I steeled my shoulders. “Everything you just said … I—I want it, too.”
My cheeks were so hot I was certain they must be flashing as red as neon, and I kept my eyes down, afraid that if I looked up and saw him I might spontaneously combust.
“Angie. Oh, Jesus, Angie.” He took my head in his hands, his fingers sliding into my thick tangle of hair as he tilted my face up to see his. “You completely unwind me.” There was such intensity in his voice that it sounded almost painful, and the tenor of his desire shook me to the core. “Tell me you want me. Tell me you want this.” The words were rough and urgent. “I need to hear you say it.”
“I want you,” I said, the words sounding inadequate against the complexity of the emotions behind them.
For a moment, he held my gaze, as if he was searching my face for some sort of deception. I didn’t flinch. I knew what he saw in me—himself, reflected right back.
He stroked my cheek with the pad of his thumb, the sweetness of the gesture in stark contrast to the rawness of all the things he’d said he wanted to do with me. But somehow, that simple touch made me melt even more.
He was everything I’d ever wanted. Everything I needed. Hell, he was more than I could have imagined. And in that moment, I knew I would do anything to keep him there with me.
“I want you,” I repeated. “I want this.”
“This?” he repeated, then leaned in to brush a trail of feather-soft kisses down my neck, then along my collarbone. His touch was lighter than air, and yet it pounded through me like the steady, rhythmic thrum of a bass drum building to a crescendo.
“Or maybe this?” He ran his hands down my arms, then twined our fingers together. He pressed his body tight against me as his mouth sought mine, his tongue demanding entrance as he thrust our arms out to the side as if readying to take flight. He deepened the kiss, exploring with his tongue, delighting me with his teeth, nibbling on my lips. And as he did, he slowly maneuvered our arms up until mine were completely above my head and he gently released his fingers from mine. “Or maybe this is what you want,” he said, manipulating my hands so that I was clutching my own wrist above my head.
“Evan, I—”
“No.” He brushed his lips over my ear, his voice so low I had to strain to hear him. “No talking. No moving. The arms stay up, the hands together. Nod if you understand me.”
I licked my lips.
“Nod,” he repeated.
I nodded, so lost in him that if he’d told me to strip naked and spread my legs right then, I think I would have done it, and eagerly. I was that much in thrall to him.

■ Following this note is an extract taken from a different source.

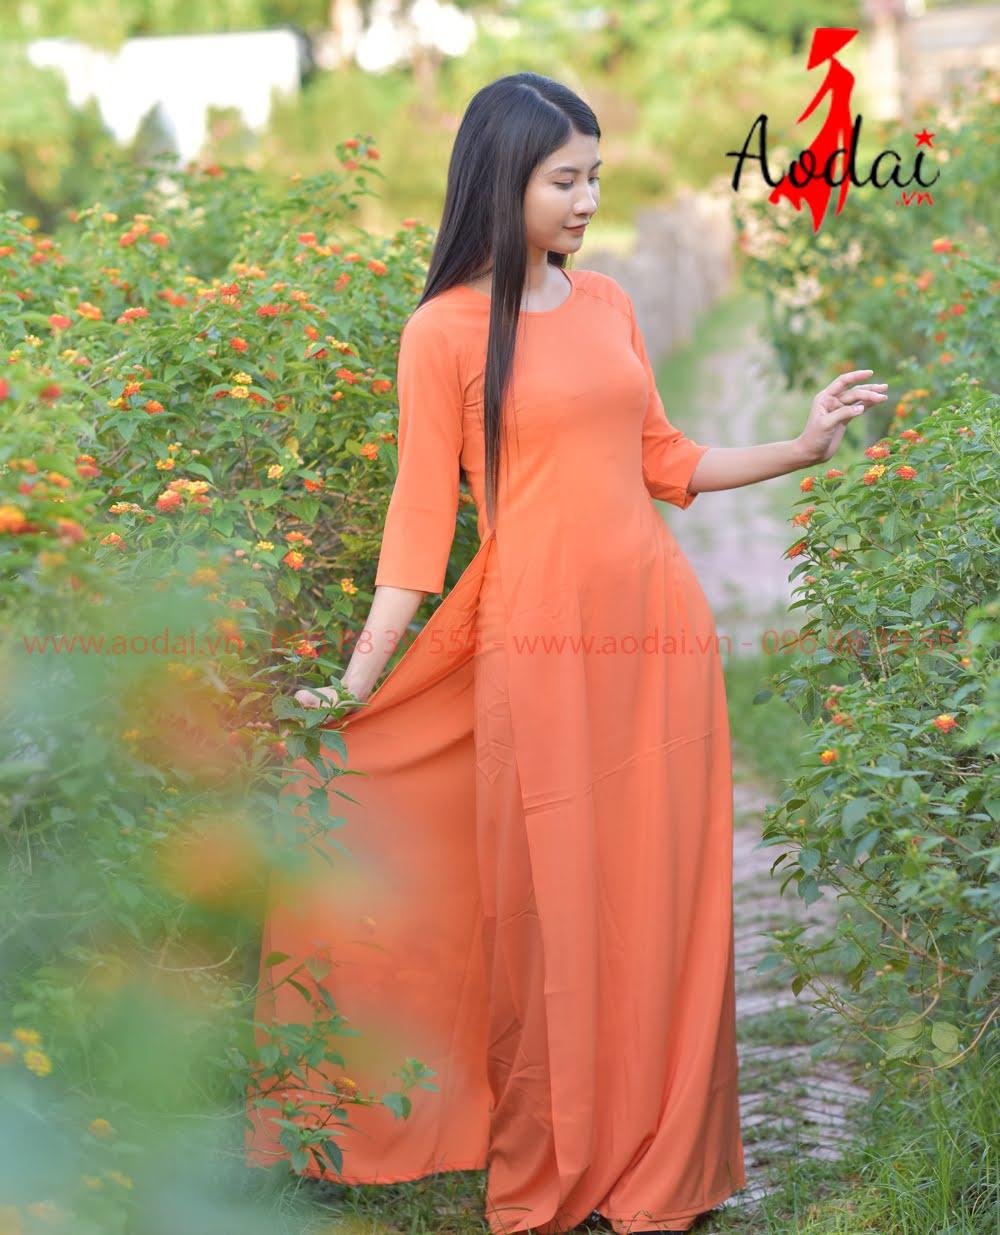 May áo dài tại Lai Châu

Yeah, he was dangerous all right—but damn me, it was that danger that I craved.
“Good girl,” he said, then brushed the gentlest of kisses over my lips. “And I think we’ve found what you want,” he added, closing his hands over mine.
I drew in a shuddering breath, because he was right. He had me trapped—maybe not by reality, but by the promise of my own obedience. The result was the same. I was desperately, hopelessly turned on.
“You like this,” he said. “You’re open to me—open to the world. Down and dirty with me in an alley where anything could happen.” Once again, he leaned in to whisper. Once again, I was struck by how well he knew me. “This excites you, doesn’t it? Not knowing where we’re going next. What’s going to happen. Who might turn that corner. Not knowing if I’m going to kiss you or fuck you.” He paused, and his next words made me moan aloud. “I’ll give you a hint, Angie. I’m going to do both.”